What brings me back to Dennou Coil is that the anime and this game both demonstrate our ability as human beings to indulge in that shared magical act of transforming something that’s nothing more than a straightforward game or tool into something that furthers our connections with one another. The world of the show may be overlaid with imagery that doesn’t exist without the aid of the show’s technology, but to the characters, that upper layer may as well be part of the real thing. Dennou Coil teaches us that the realities forged in our hearts, the feelings we have towards people and things both solid and in the worlds of our imaginations, are real and worthwhile. They matter.

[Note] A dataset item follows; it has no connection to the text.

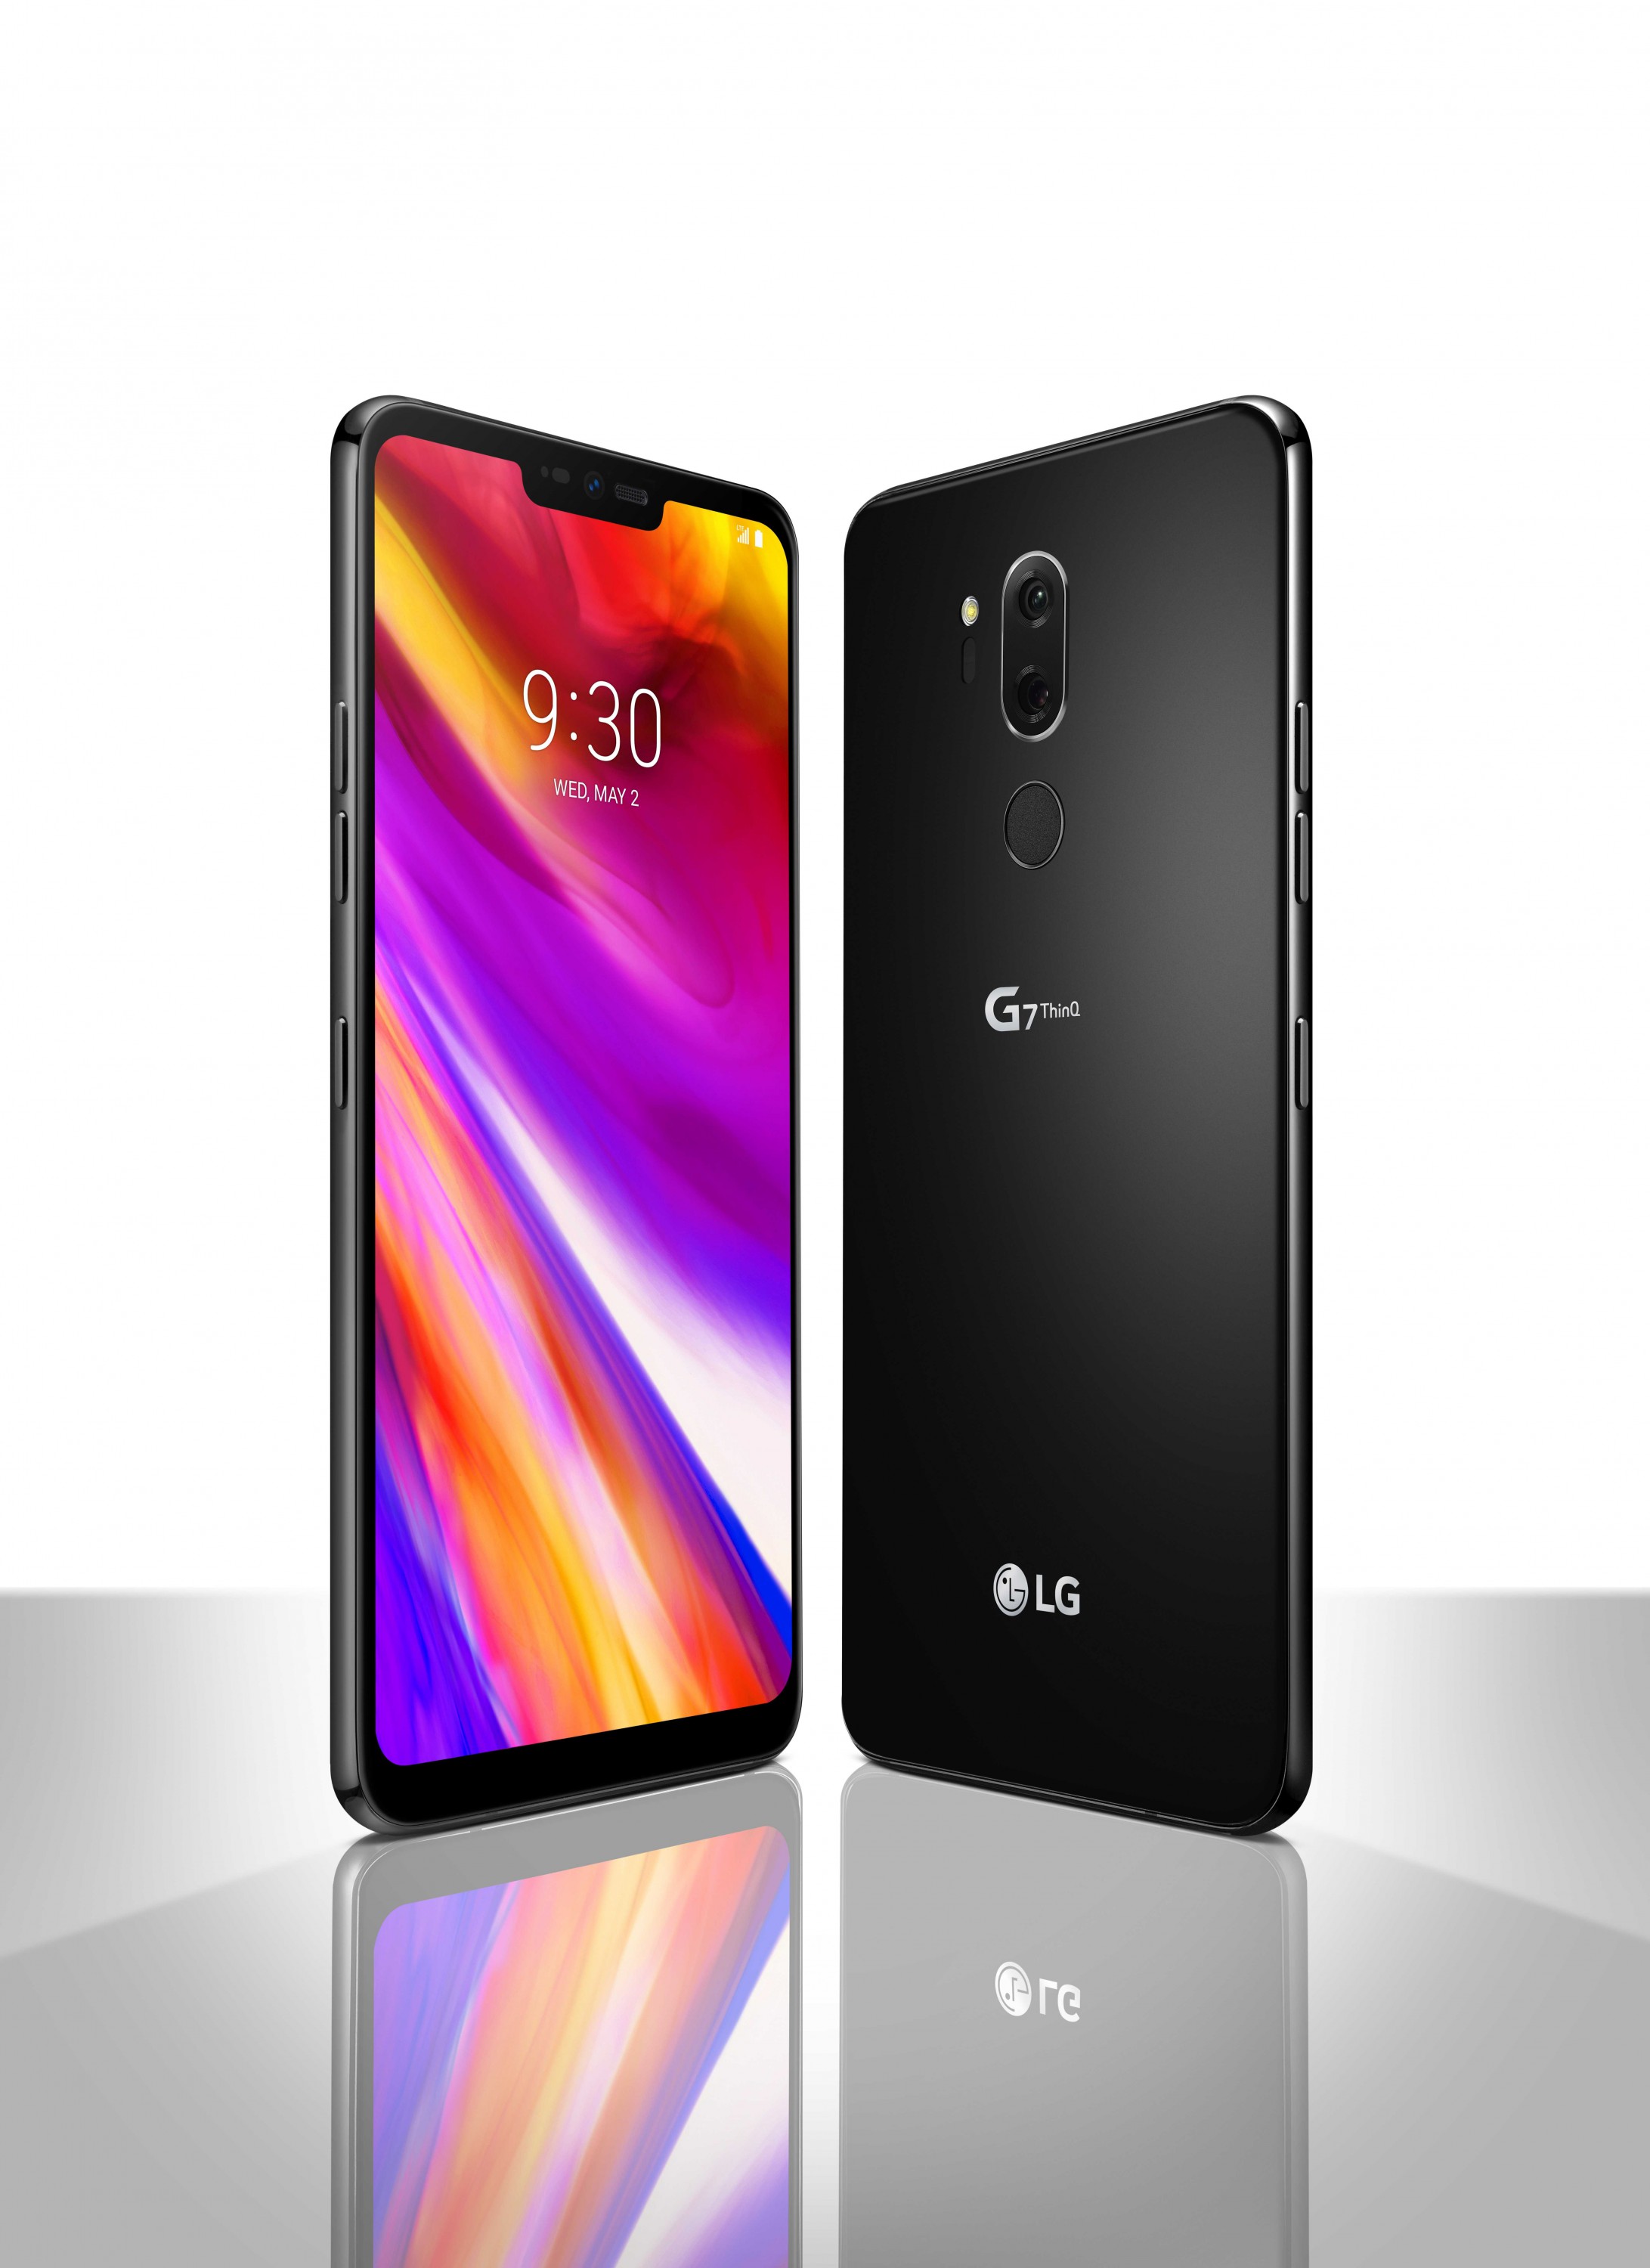 Смартфон LG G7 ThinQ представлен официально: 6,1-дюймовый экран с яркостью 1000 кд/кв.м, кнопка для вызова Google Assistant и аудиоподсистема с поддержкой виртуального объемного звука 7.1

I’ve seen a lot of pooh-pooing on Facebook by people who aren’t interested in Pokémon, and while I respect their right to be non-participants in this fandom (just as I would hope anyone else would respect my fandom choices), it also makes me kind of sad that they’re missing out on that feeling of participation that I’ve experienced. Looking around and just knowing that the group of teenage boys walking down my parents’ street, or the two young women in front of Penzey’s in Uptown, were all participating in an activity I’ve quickly grown to really enjoy is a terrific feeling. I believe that technology should serve to enhance our lives, and while games are often said to waste time rather than contribute to anything of import, something that provides the opportunity to high-five a fellow pokémon trainer and heck, even just get out of the house and enjoy the real world for a little while, is providing a wonderful service.